Last edited by iwpoe (4/01/2016 8:07 am)


Fighting to the death "the noonday demon" of Acedia.
My Books
It is precisely “values” that are the powerless and threadbare mask of the objectification of beings, an objectification that has become flat and devoid of background. No one dies for mere values.
~Martin Heidegger
 

4/01/2016 11:13 am  #20


Re: I think I know why people consider voting for Trump.

iwpoe wrote:

I'm not buying it. They're about as coerced as the doctors are.

I don't think this is true. Doctors profit from it but don't have the same set of incentives and concerns. Doctors also have considerably more information. That's nothing like the situation of some women who get abortions.

iwpoe wrote:

Many people are often willfully ignorant when they have something they want to do and have a "change of heart" later when made to look at it and have nothing to loose. I'm perfectly willing to think that women can be vicious.
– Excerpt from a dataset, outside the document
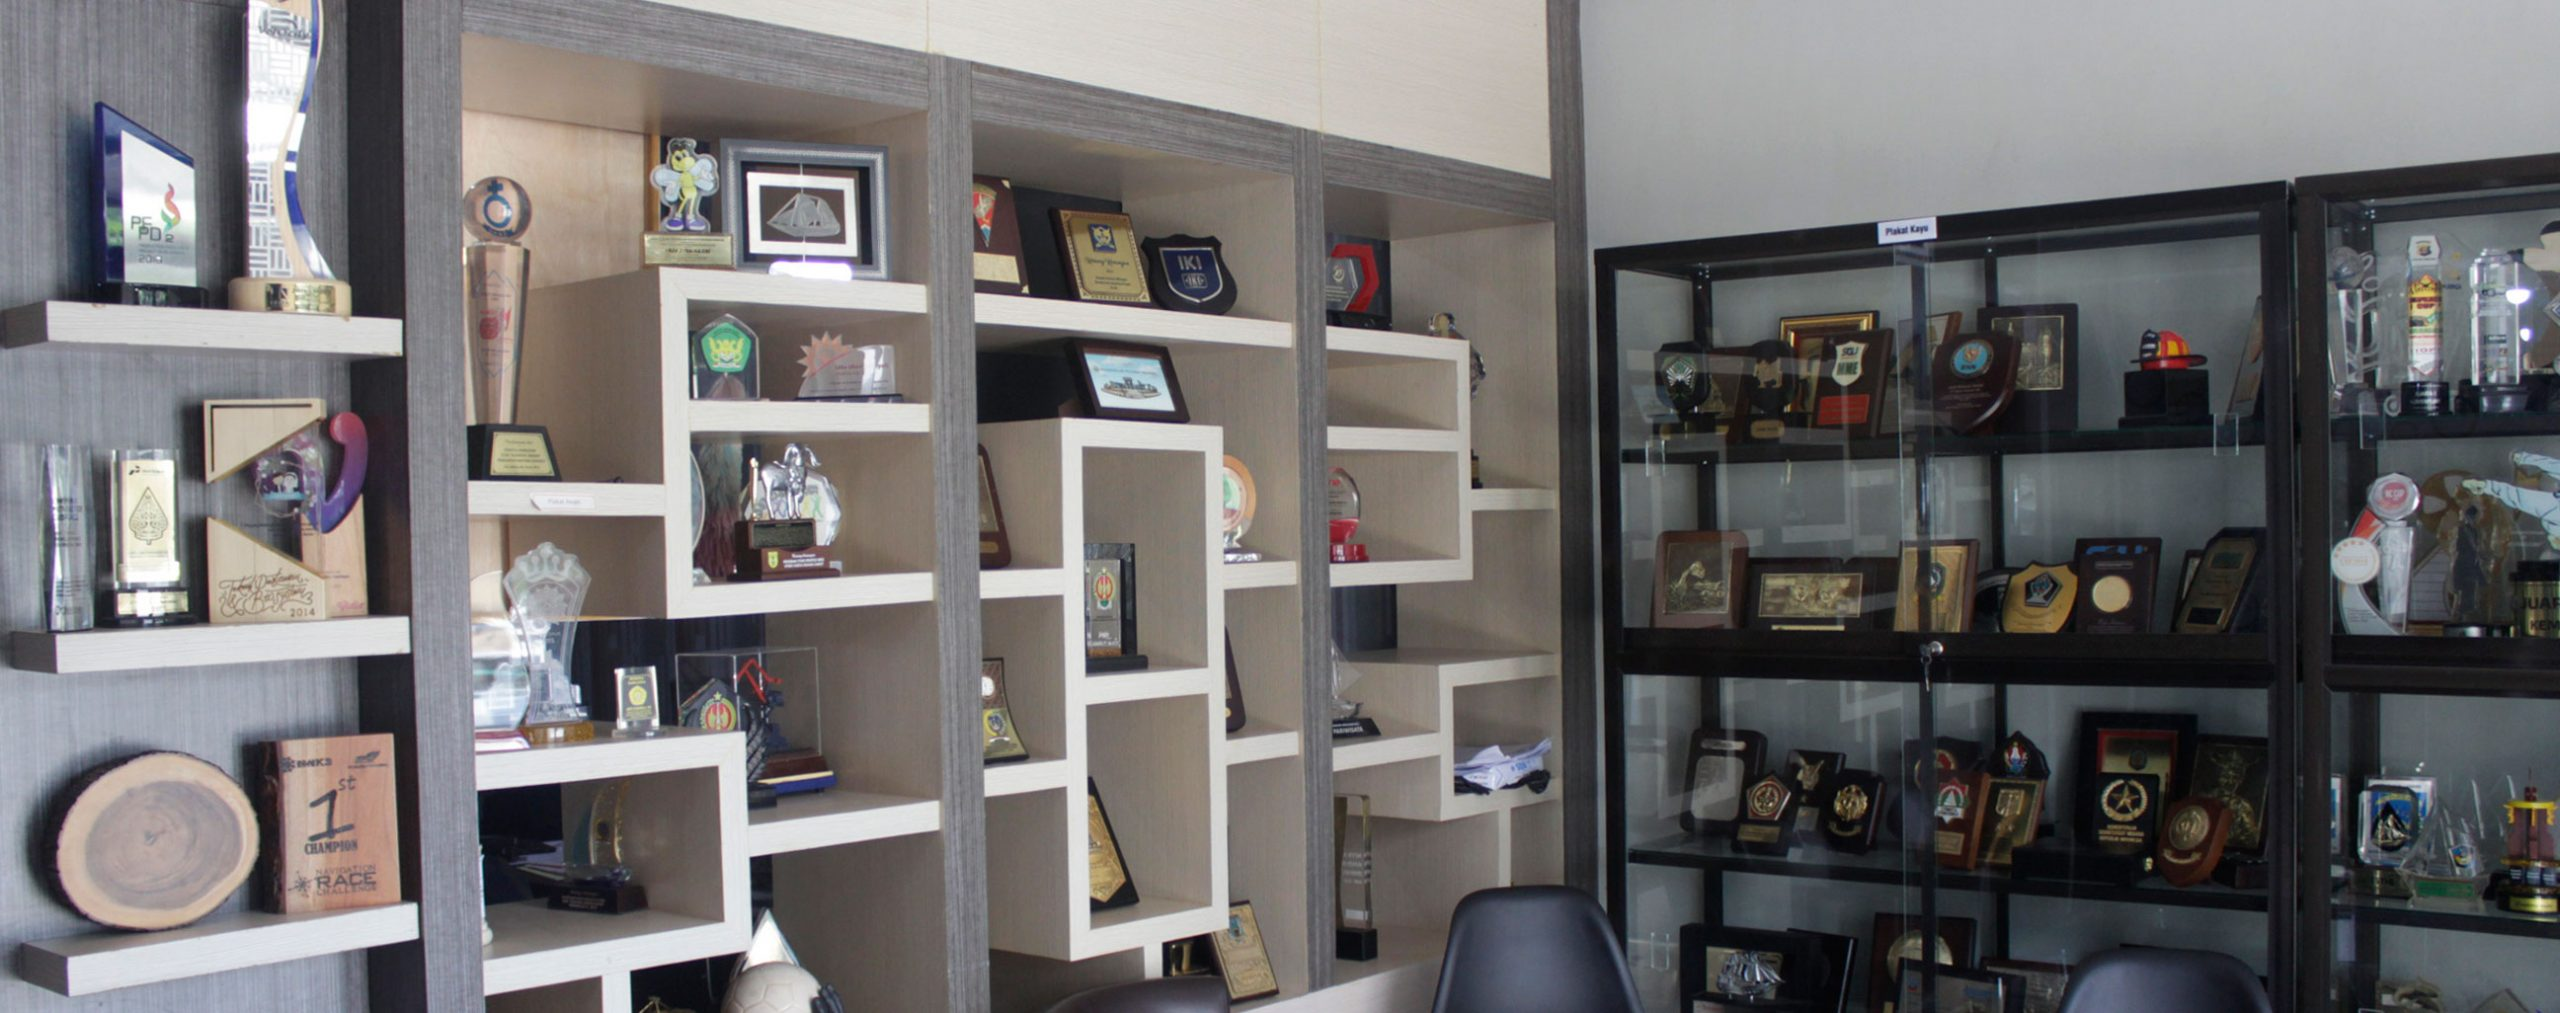 Tips merawat plakat, piala dan miniatur - display 1souvenir

Sure, I'm not claiming and don't need to claim that no women are willfully ignorant or vicious. There are separate questions of the extent to which ignorance mitigates or can mitigate culpability and of whether a particular person's claim to ignorance suffices as an excuse.

iwpoe wrote:

I think this is sexist coddling of women and the presumption of their victimhood.
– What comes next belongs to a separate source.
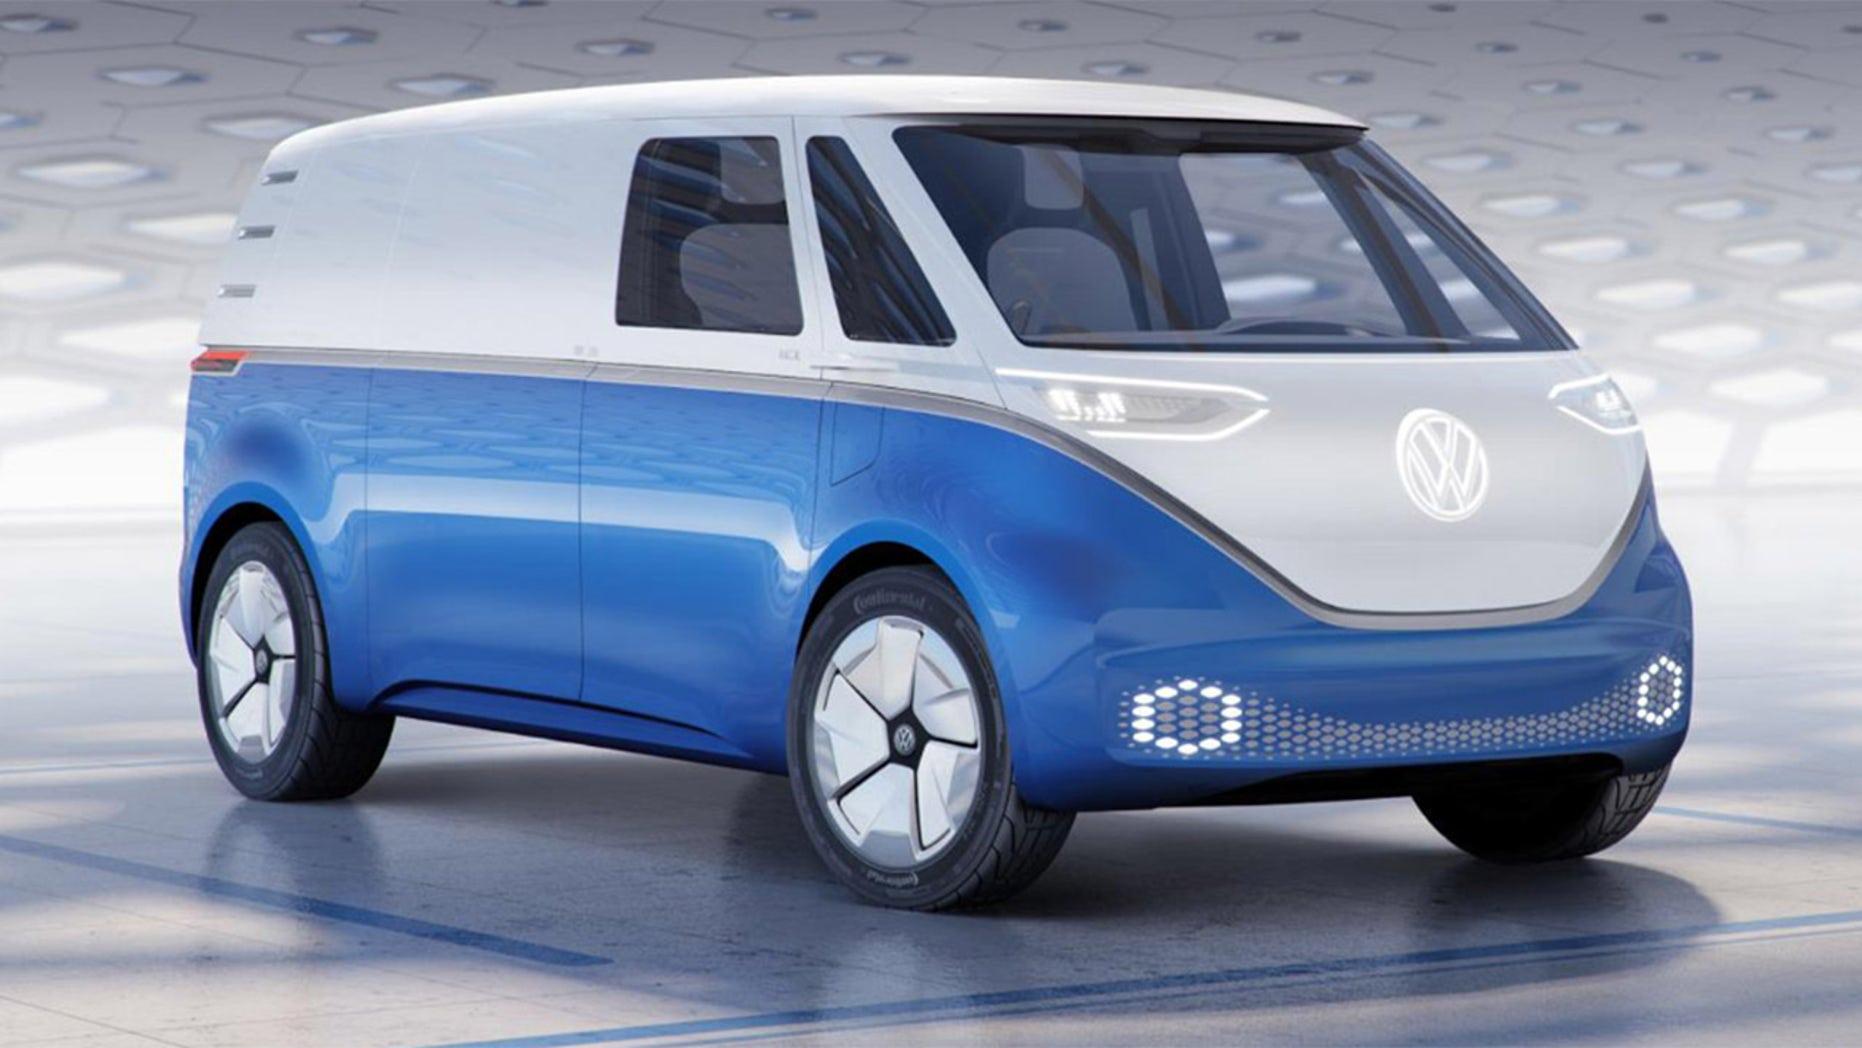 Volkswagen I D  Buzz Cargo Electric Van Delivers The Goods With Retro Style

I think it's just applying principles about ignorance and culpability generally; abortion is a unique case vis-a-vis ignorance and culpability because ordinarily it is practically impossible to be invincibly ignorant of another person's personhood. For abortion, in our culture at least, I think it is practically possible to be invincibly ignorant of that personhood, which is not to say that every claim of ignorance is morally exculpatory.

I'm considerably less confident than Timocrates about the possibility of eliminating abortion. I don't imagine that any legal ban will occur in my lifetime.